§ **EXERCISE REQUIREMENTS**
Find "Tênis Puma Disc" in the listing below, then set down only that line and each later line, unchanged, leaving out pictures.

§ **THE DATA**
┌────────

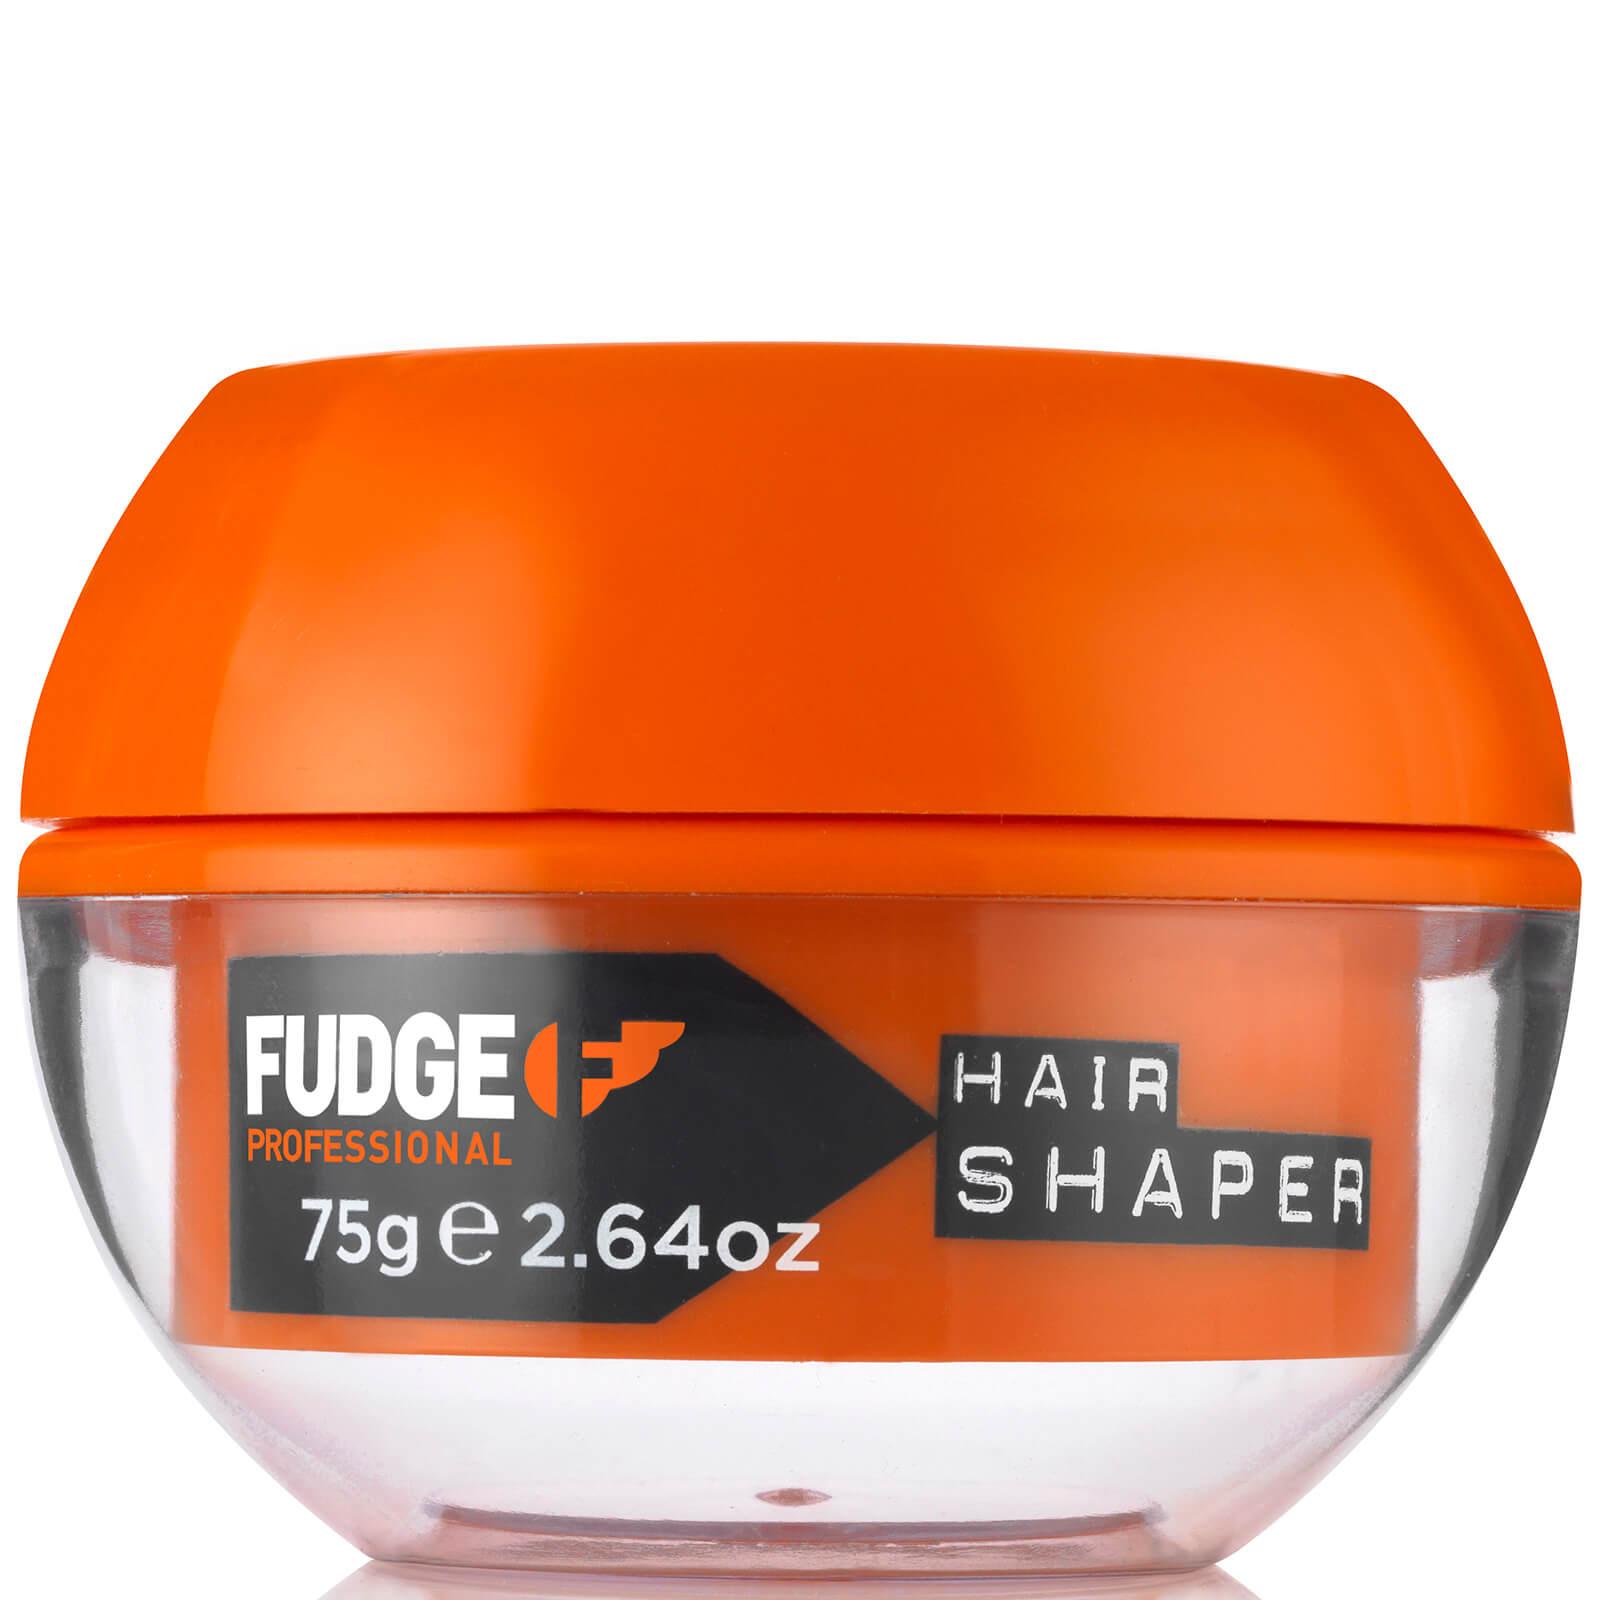 Hair Shaper
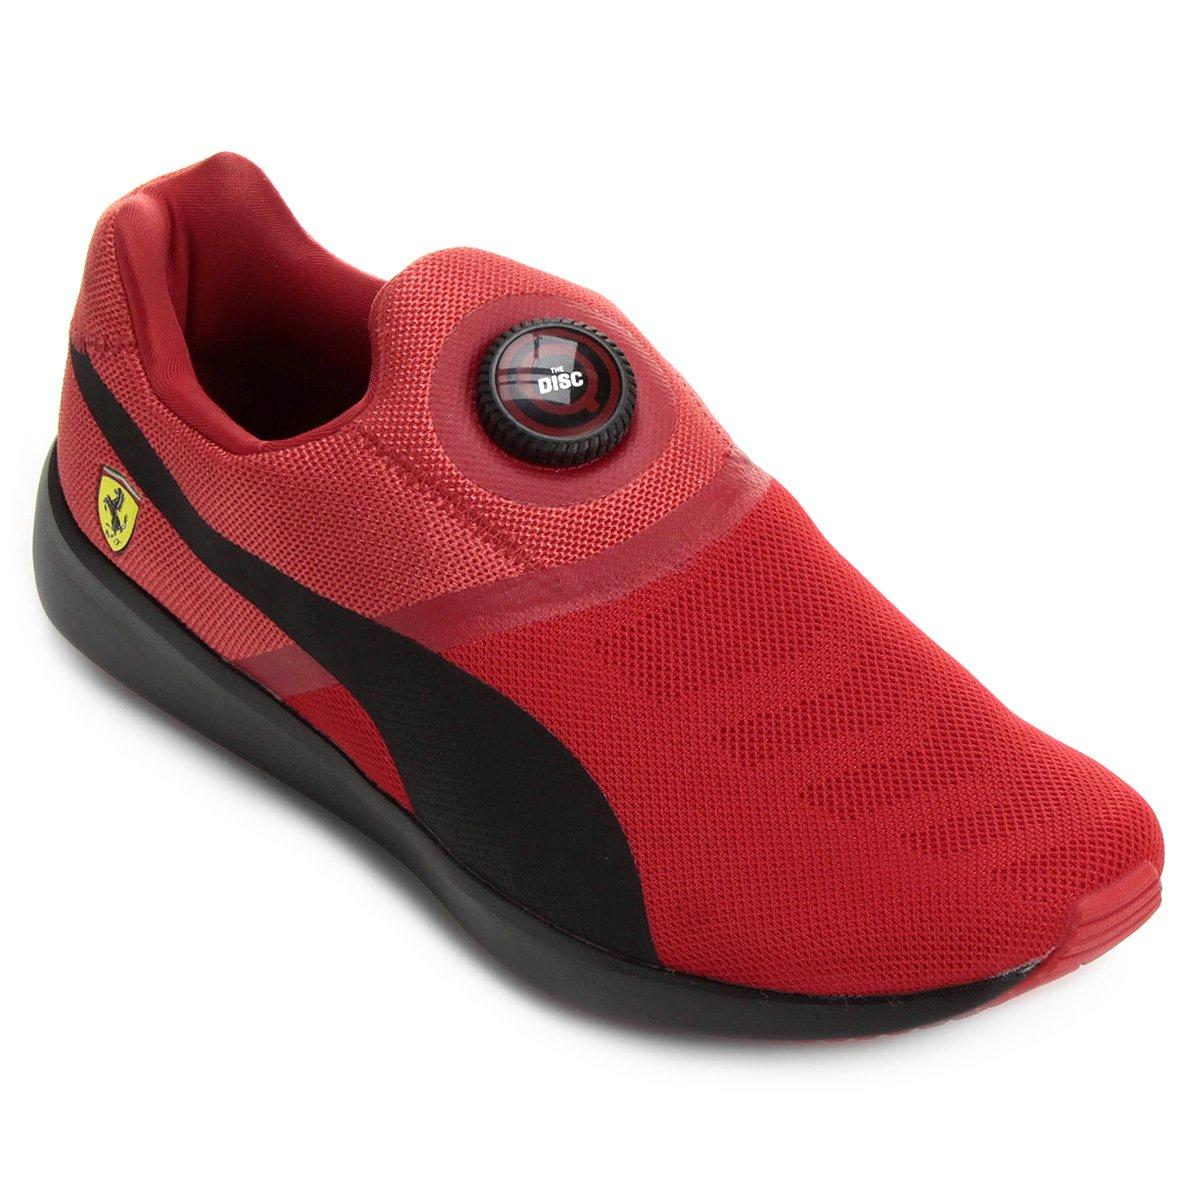 Tênis Puma Disc Scuderia Ferrari Masculino - Vermelho e Preto ... dbdd165cad06b
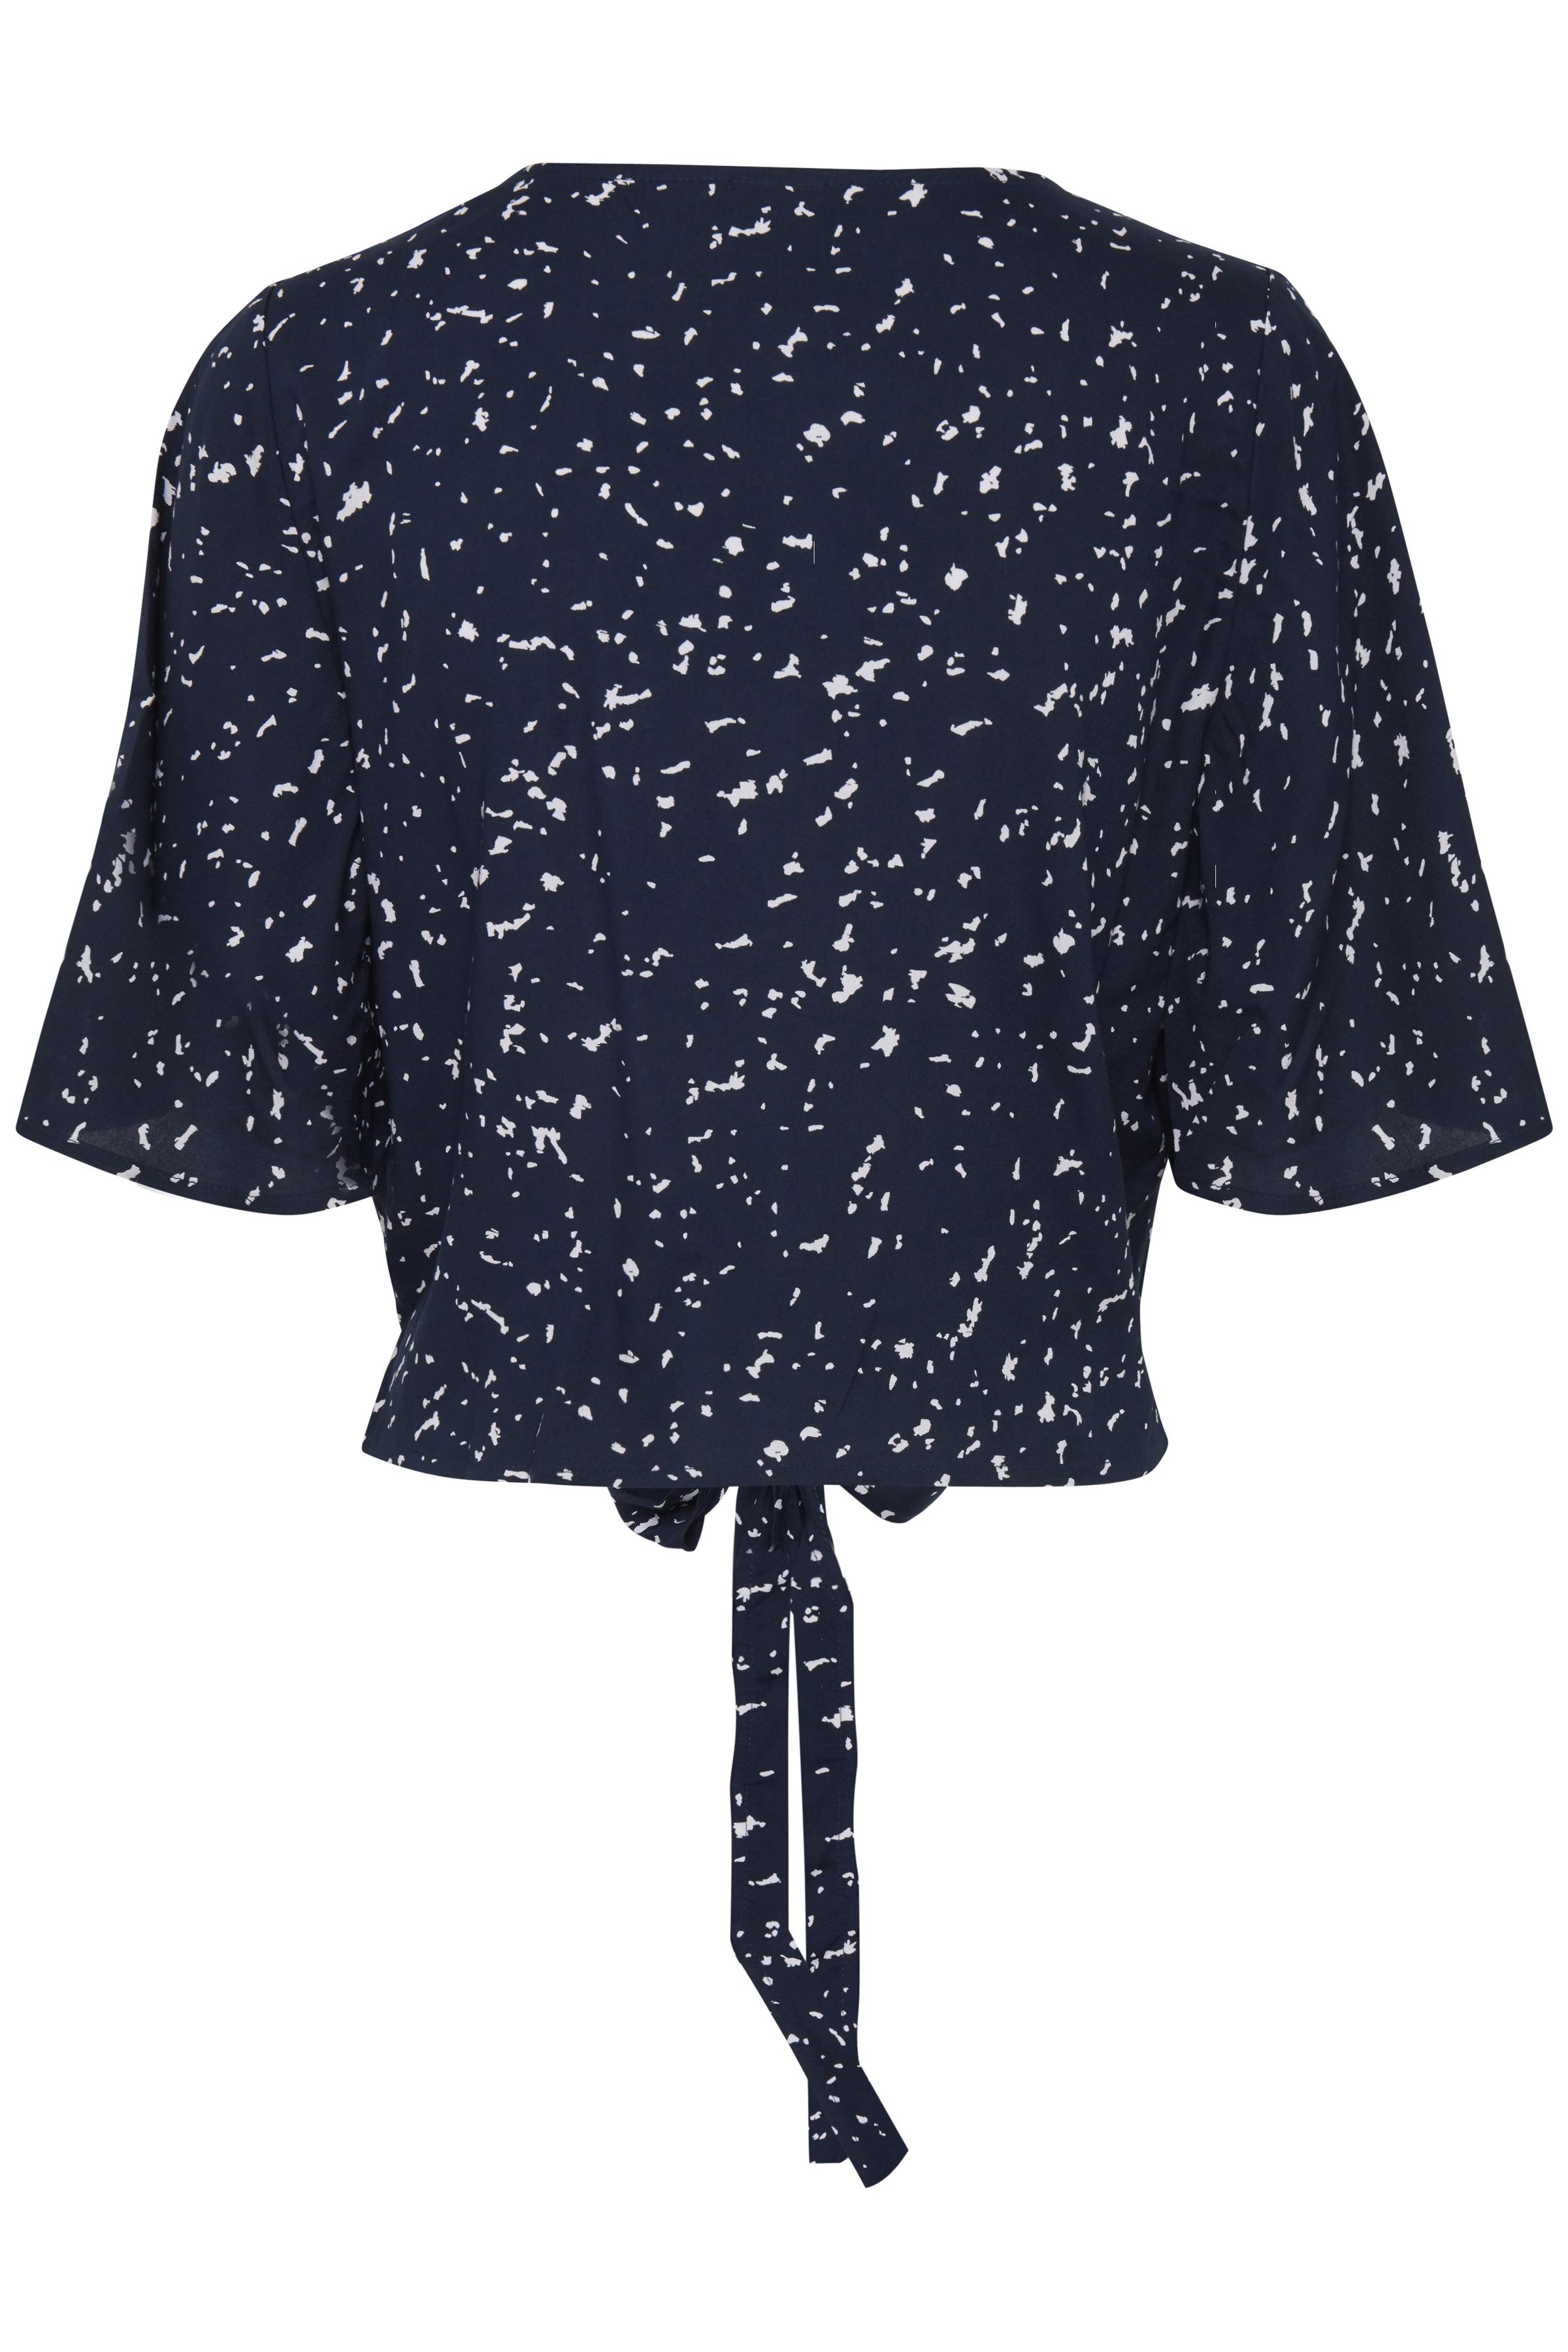 Total Eclipse Kortærmet bluse – Køb Total Eclipse Kortærmet bluse fra str. XS-L her

└────────

§ **SOLUTION TO THIS PROBLEM**
 Tênis Puma Disc Scuderia Ferrari Masculino - Vermelho e Preto ... dbdd165cad06b
 Total Eclipse Kortærmet bluse – Køb Total Eclipse Kortærmet bluse fra str. XS-L her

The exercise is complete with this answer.